Maggie Meatballs
- 2 pounds sausage (Bob Evans is the best we tried substitutions but did not get the same taste in loves)
- 1 cup corn flakes crumbs
- 2 large eggs
- 1 tablespoon lemon juice
- 1/2 cup brown sugar (to taste you can use less or more)
- 3/4 cup ketchup
- 14 ounces cranberry sauce Jellied, 1 can
- Preheat oven to 350F (180C) degrees.
- Mix 2 # Sausage with 1 cup corn flakes and 2 eggs.
- I use a mixer to make sure it's even, hands work also!
- Spray a baking sheet with pam, I use the jelly pan type with sides.
- Take approximately 1 to 2 tbsp of meat mixture more or less to make the size meatball you want.

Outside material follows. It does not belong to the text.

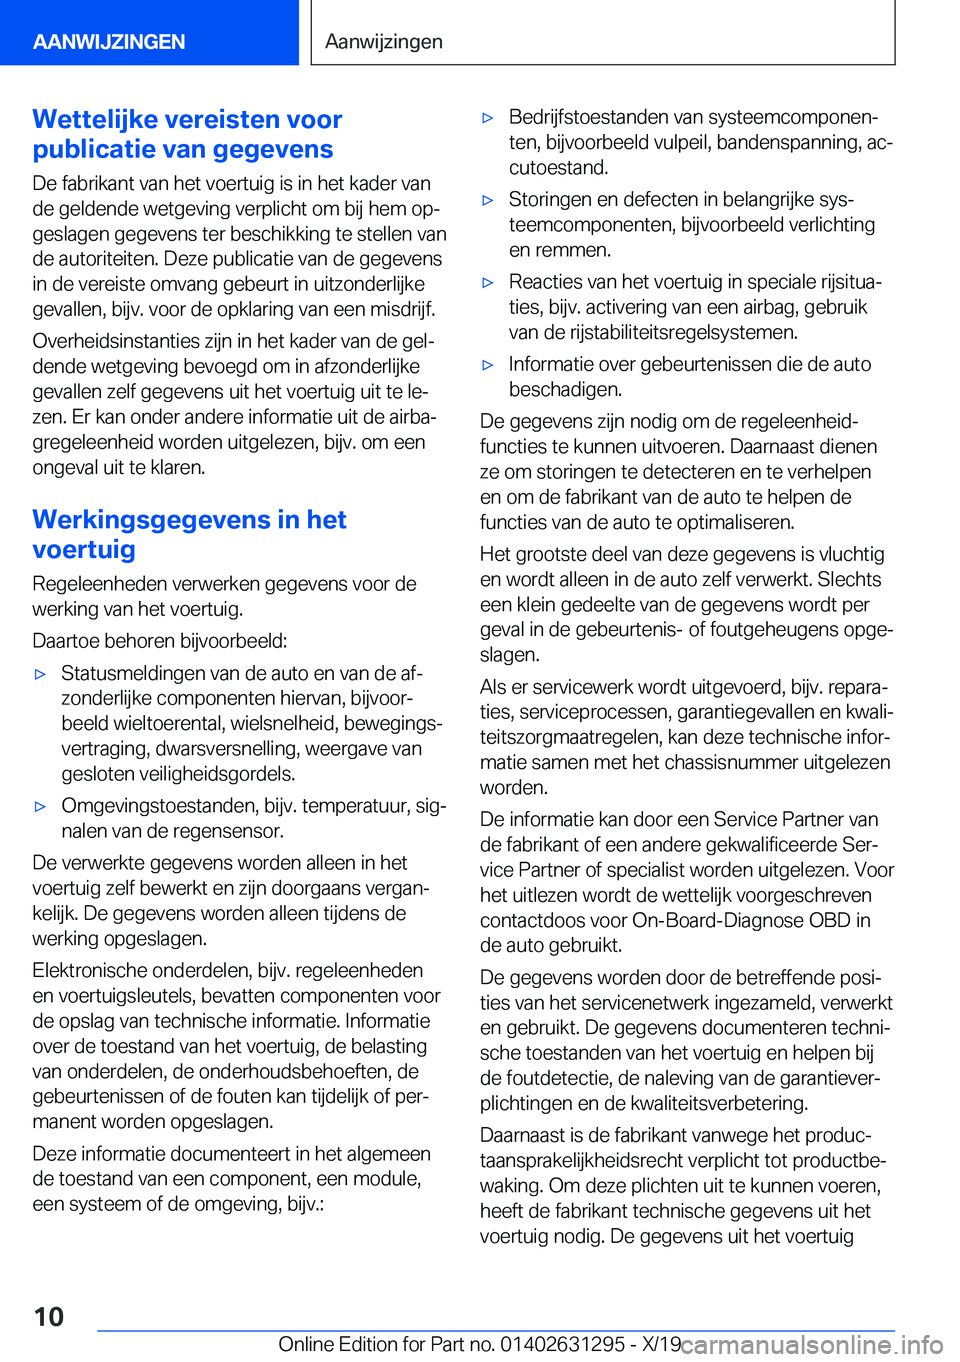 BMW M8 2020  Instructieboekjes (in Dutch) �W�e�t�t�e�l�i�j�k�e��v�e�r�e�i�s�t�e�n��v�o�o�r
�p�u�b�l�i�c�a�t�i�e��v�a�n��g�e�g�e�v�e�n�s
�D�e��f�a�b�r�i�k�a�n�t��v�a�n��h�e�t��v�o�e�r�t�u�i�g��i�s��i�n��h�e�t��k�a�d�e�r��v�a�n
�d�

- (I eyeball, we have some big, some small but no one cares they eat them all).
- Make sure the meatballs are tight though so they don't seperate during baking.
- Put meatballs in preheated oven for 25 to 30 minutes.

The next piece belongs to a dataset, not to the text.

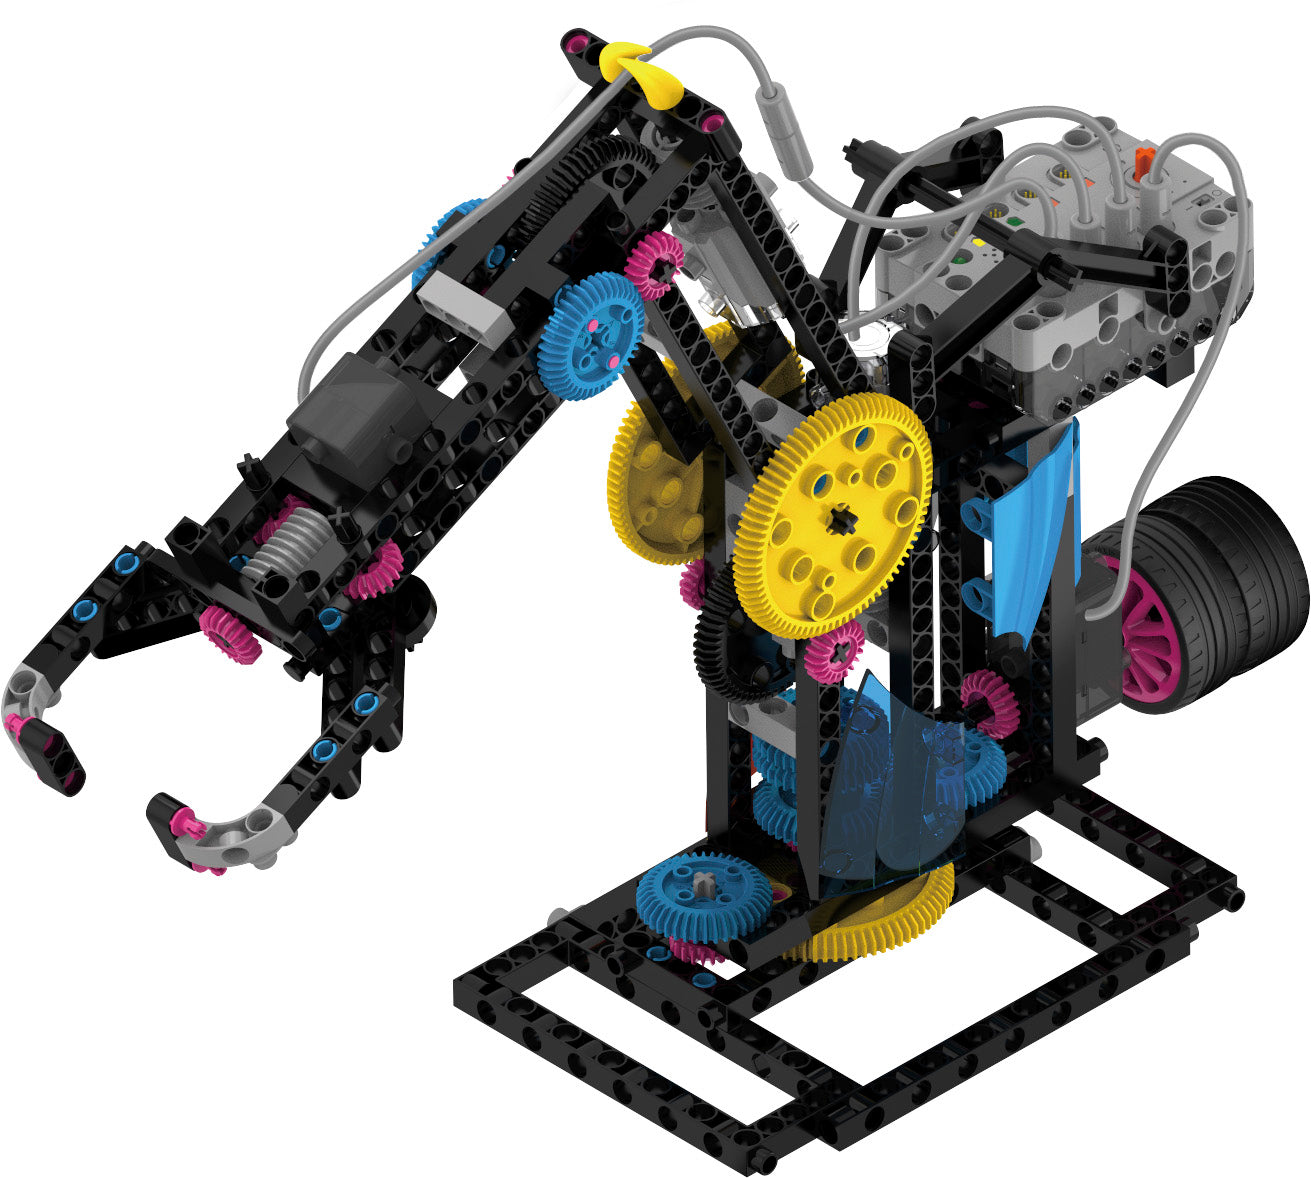 Thames & Kosmos Robotics Workshop - Intro To Robot Design

- While meatballs are baking, mix the remaining ingredients together, once again I use a mixer...my mom didn't and you get lumpy jelly...sorry Gma.
- Take a baking dish that will hold all meatballs, warming dish, crockpot etc., pour sauce over cooked meatballs and serv warm...these are great to make ahead and warm up right before serving.
- Enjoy!
sausage, corn flakes crumbs, eggs, lemon juice, brown sugar, ketchup, cranberry sauce
Taken from recipeland.com/recipe/v/maggie-meatballs-54581 (may not work)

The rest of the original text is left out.